If the executive or management compensation plans contain Revenue and EBITDA components, there is a good chance your company is Inside-Out focused. Inside-out thinking emphasizes resource utilization and efficiency.  EBITDA is a common compensation metric, because management generally controls the factors that make it up. Items such as effective tax rates, debt interest payments, or amortization of intangibles are usually controlled by a firm’s board of directors.  EBITDA is a metric that measures management performance without penalizing them for decisions made by the board.

If the executive or management compensation plans contain Net Promoter Score (NPS) targets, and the NPS component of the bonus is equal to or greater than other components like revenue or EBITDA, there is a good chance your company is Outside-In focused.  (NPS) is a management tool that can be used to gauge the loyalty of a firm’s customer relationships. It serves as an alternative to traditional customer satisfaction research and is claimed to be correlated with revenue growth.  No compensation metric is perfect and almost all can be gamed to a certain extent. By placing an equal or greater value on NPS versus metrics like revenue or EBITDA, organizations are demonstrating what they truly consider to be important.
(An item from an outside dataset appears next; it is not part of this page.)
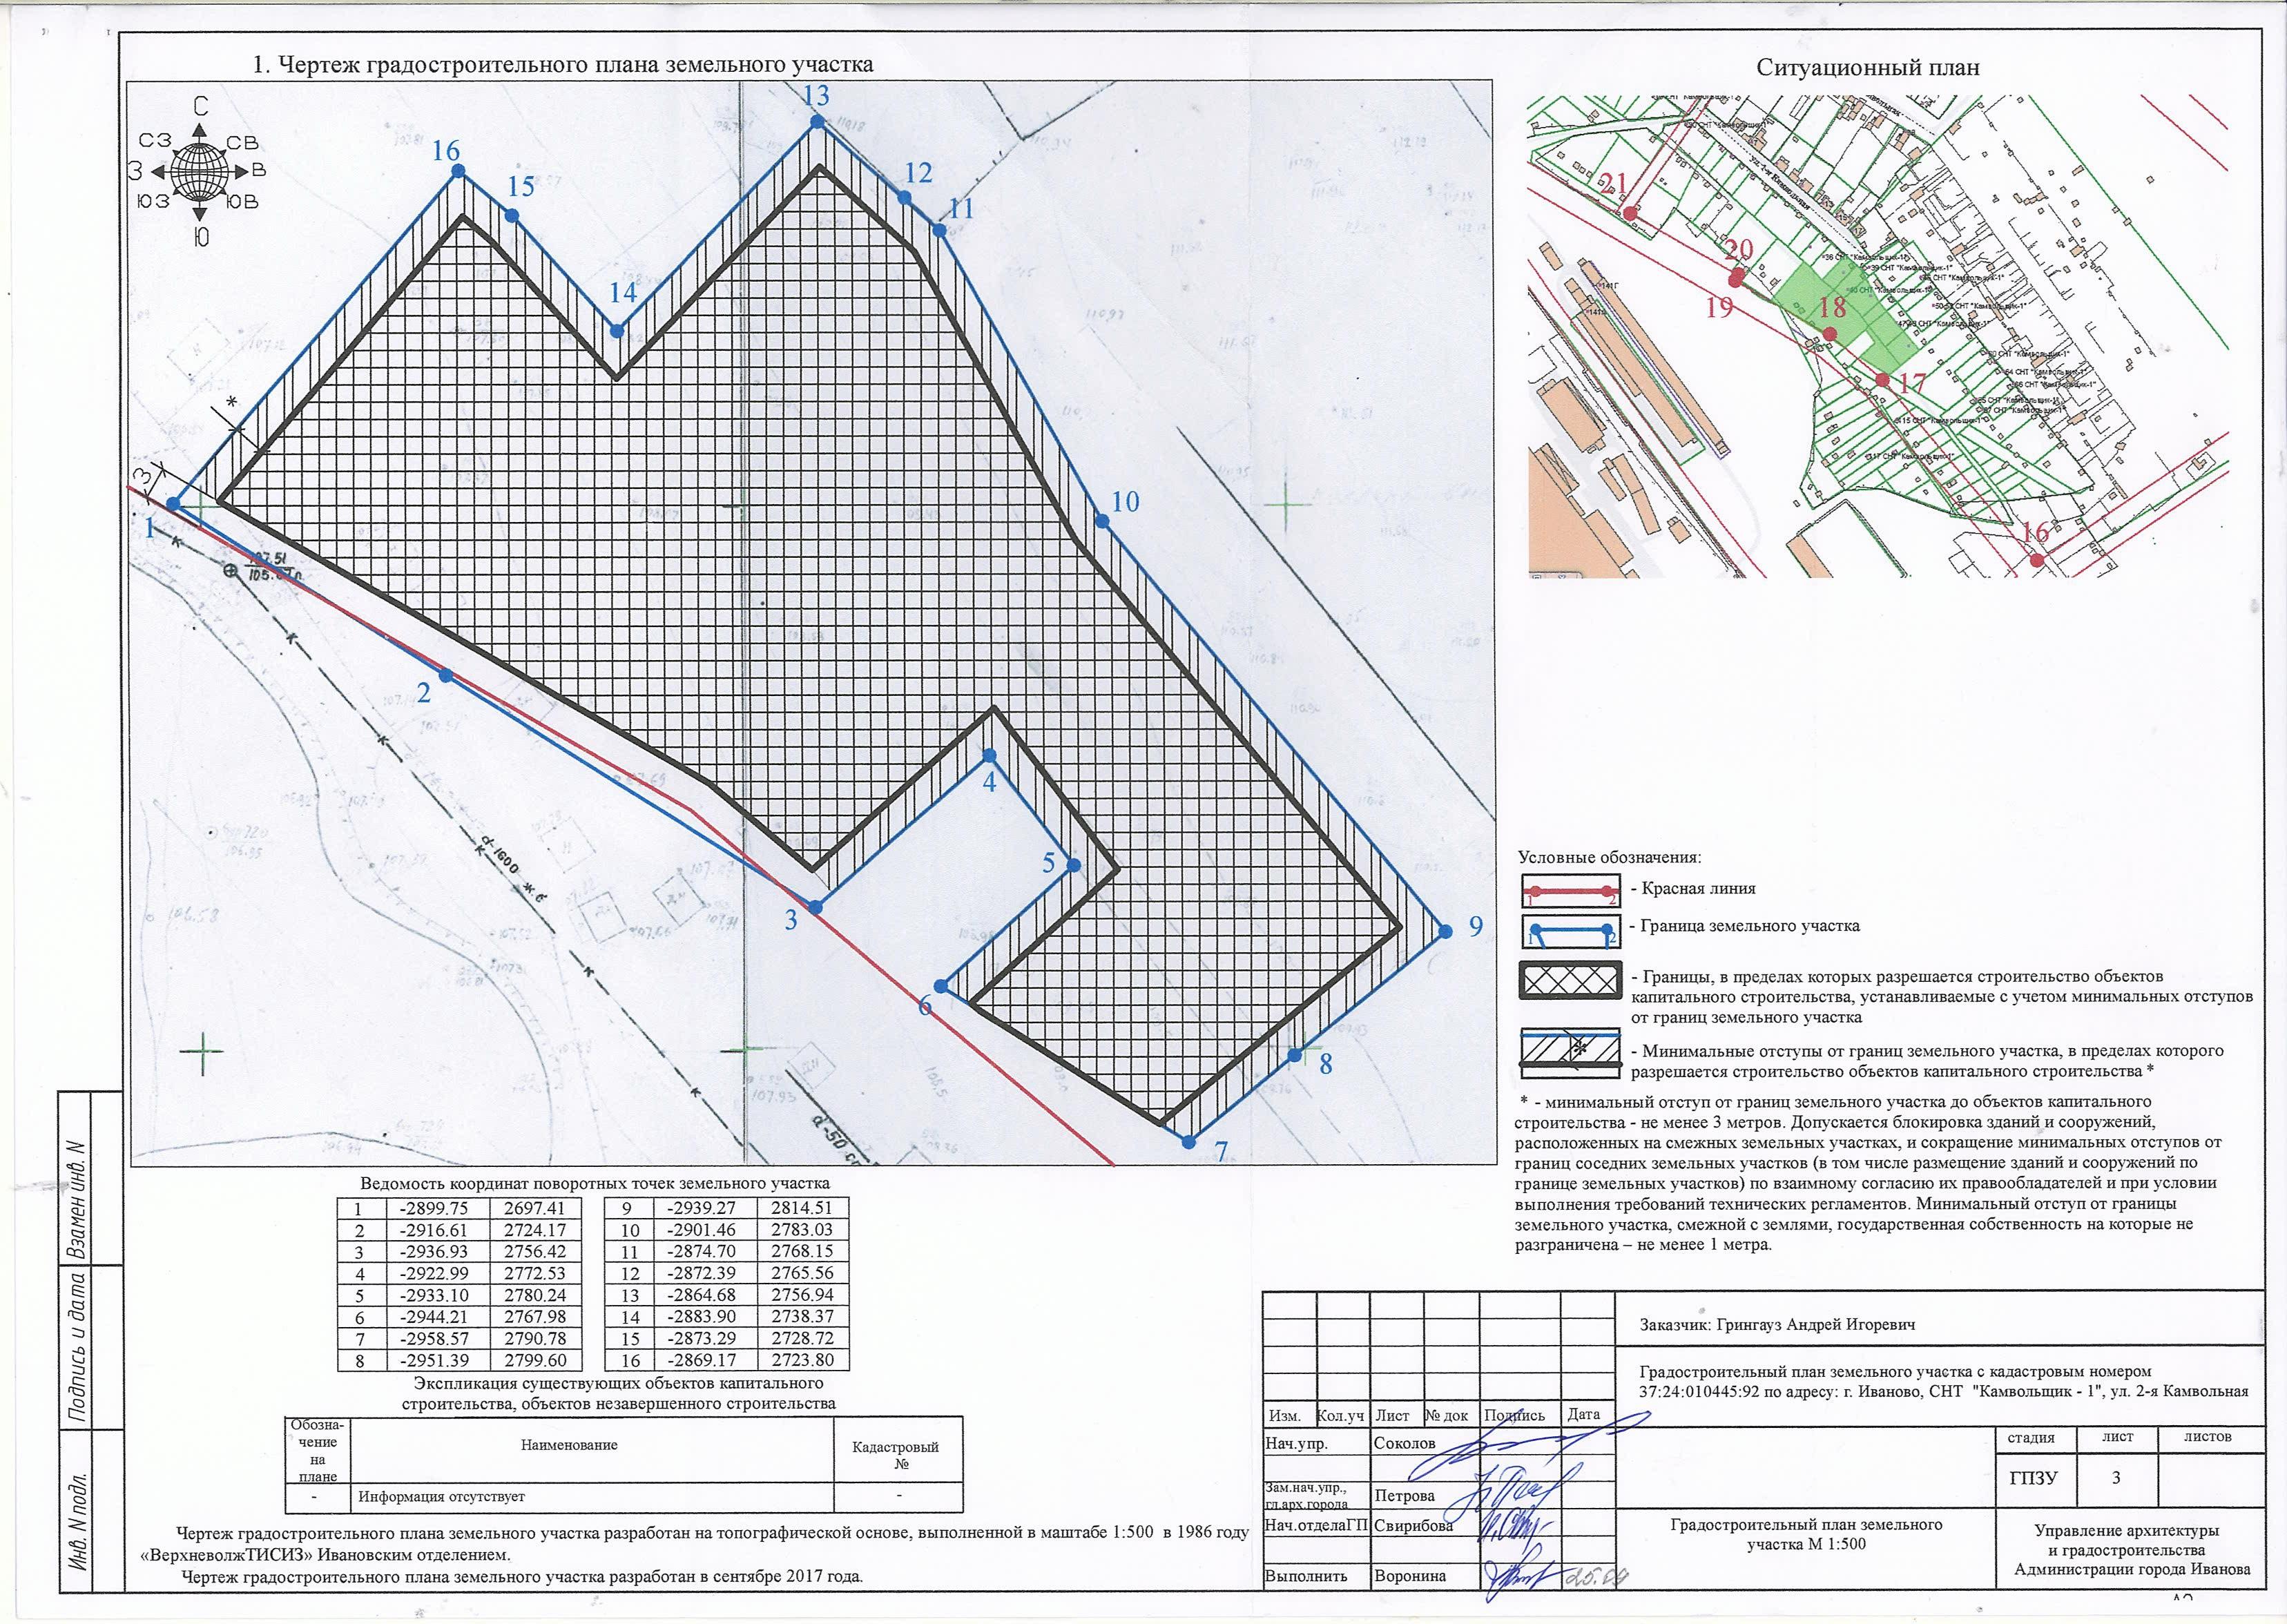 Как выглядит схема отображающая расположение построенного объекта

Principles of an Outside-In Market Driven Organization

George S. Day is considered the father of the Market Driven Strategy movement.  He is the Geoffrey T. Boisi Professor and Director of the Huntsman Center on Global Competition and Innovation at the Wharton School of the University of Pennsylvania.  He has described the following capabilities of market driven organizations:

  • Diagnosis of current capabilities, using mapping and benchmarking methodologies
  • Anticipation of future needs for capabilities in light of the strategy for creating customer value
  • Bottom-up redesign, based on the formation of teams responsible for continuous improvement or radical redesign of underlying processes
  • Top-down direction from senior managers, who demonstrate a clear, continuing commitment to putting customers first
  • use of information technology to enable the organization to do things it couldn’t do before

These elements are what you should think about as you consider launching an Outside-In, Market-Driven Strategy in your organization.